Sunday, July 5, 2009

Coal Ash

In December of 2008, TVA (Tennessee Valley Authority) a power utility company in the Tennassee area, had a coal ash spill that flooded 300 acres in Kingston, Tenn with coal ash sludge. Houses were even submerged. It wasn't a spill. It was a catastrophic failure. In response, the EPA surveyed all coal ash impoundments (or containers) in the U.S. and on June 29, 2009 released a list of 44 impoundments identified as "high hazard potential," meaning that if they were to fail (break, malfuction,misoperation, etc.) they could result in the loss of human life. Other designations are low hazard potential, which means malfunction would likely result in no loss of human life and just damage to the owner's property, or significant hazard potential, which means failure or malfunction would not result in loss of human life but could cause economic loss or disrupt human lifelines.

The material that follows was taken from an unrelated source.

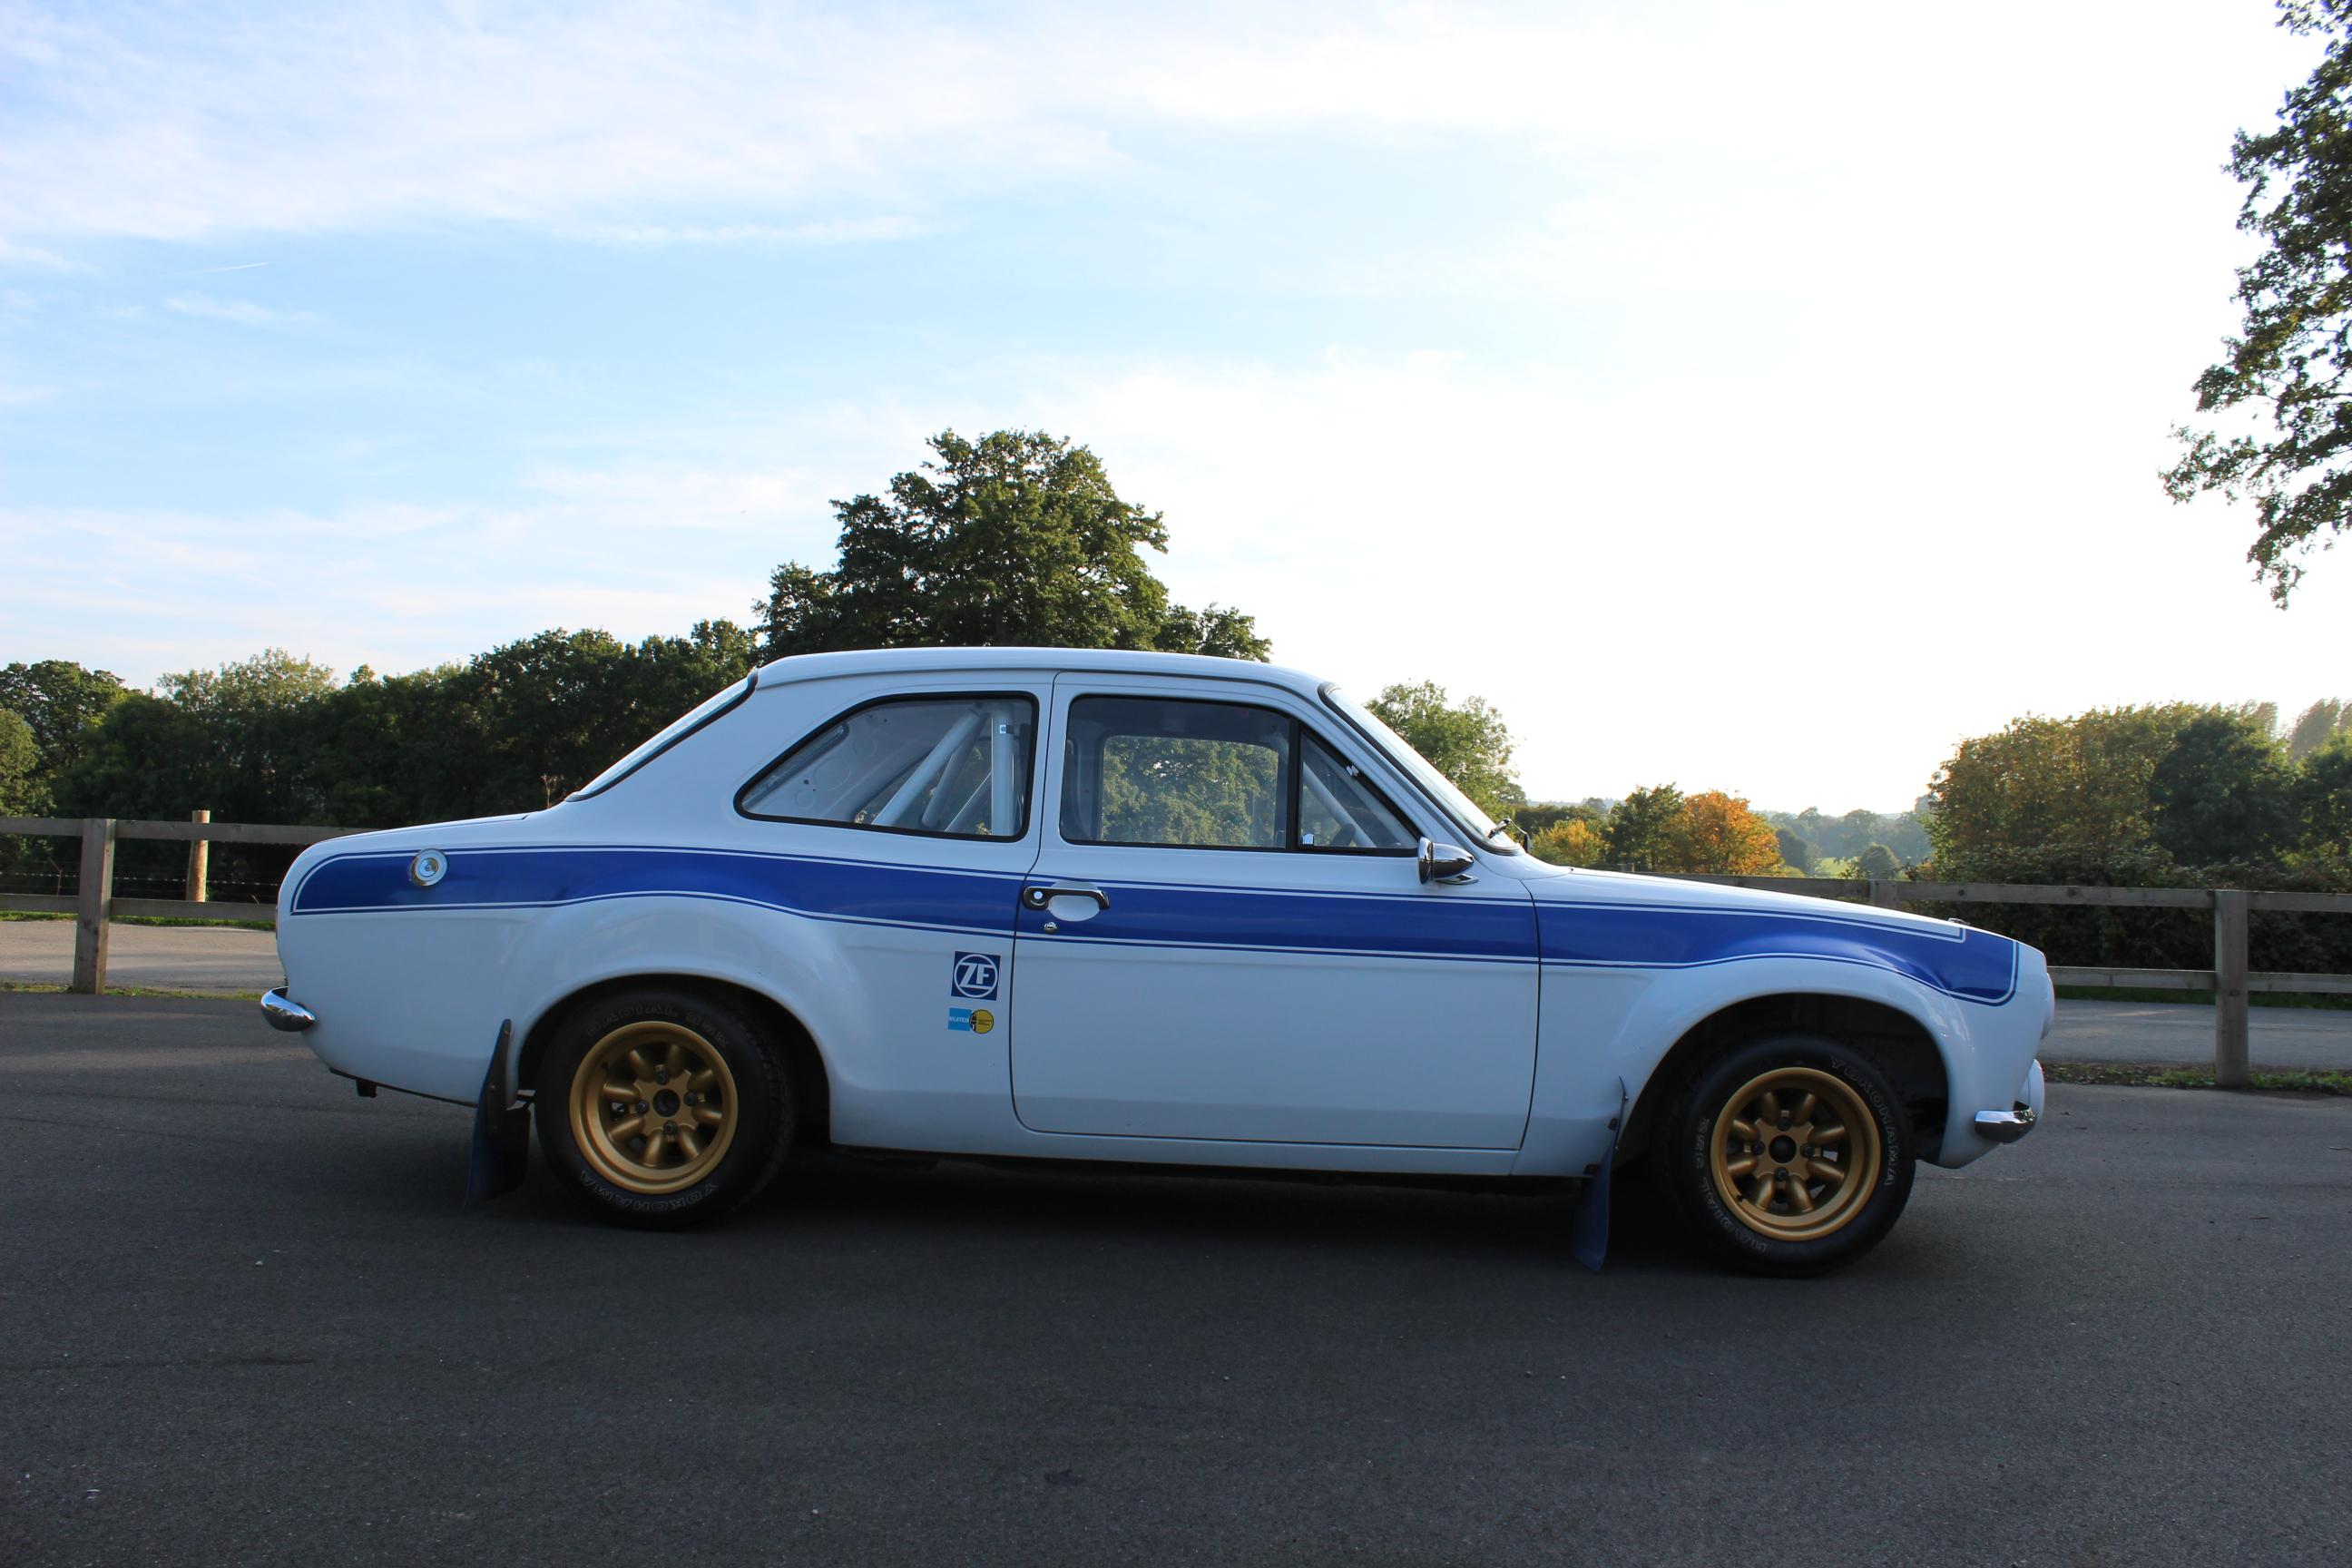 1973 Ford Escort Mk1 RS2000

According to a letter from Senator Pat Roberts (Kansas- a coal state), 13.7 million tons of coal ash per year is beneficially reused. I need to find out out of how much coal ash is produced. Twenty states signed a letter to EPA Administrator Lisa Jackson on June 26, 2009 noting that regulating coal ash as a hazardous waste would result in "regulatory overkill." My take on the regulatory overkill is that ash, which EPA used to characterize as nonhazardous because states had the facilities to properly contain the waste, would now be regulated. There is not enough landfill space, according to Senator Pat Roberts' letter to the EPA, to contain all the ash if all of it were considered hazardous. If classified as hazardous, ash can no longer be recycled, and EPA needs to find storage space for the ash which had been previously recycled.

The environmental conflict in this case is that EPA wants to ensure the protection of all its ash landfills so that no TVA spill is repeated. In the process of doing so, it could dismember the coal ash recycling program which would not be environmentally friendly.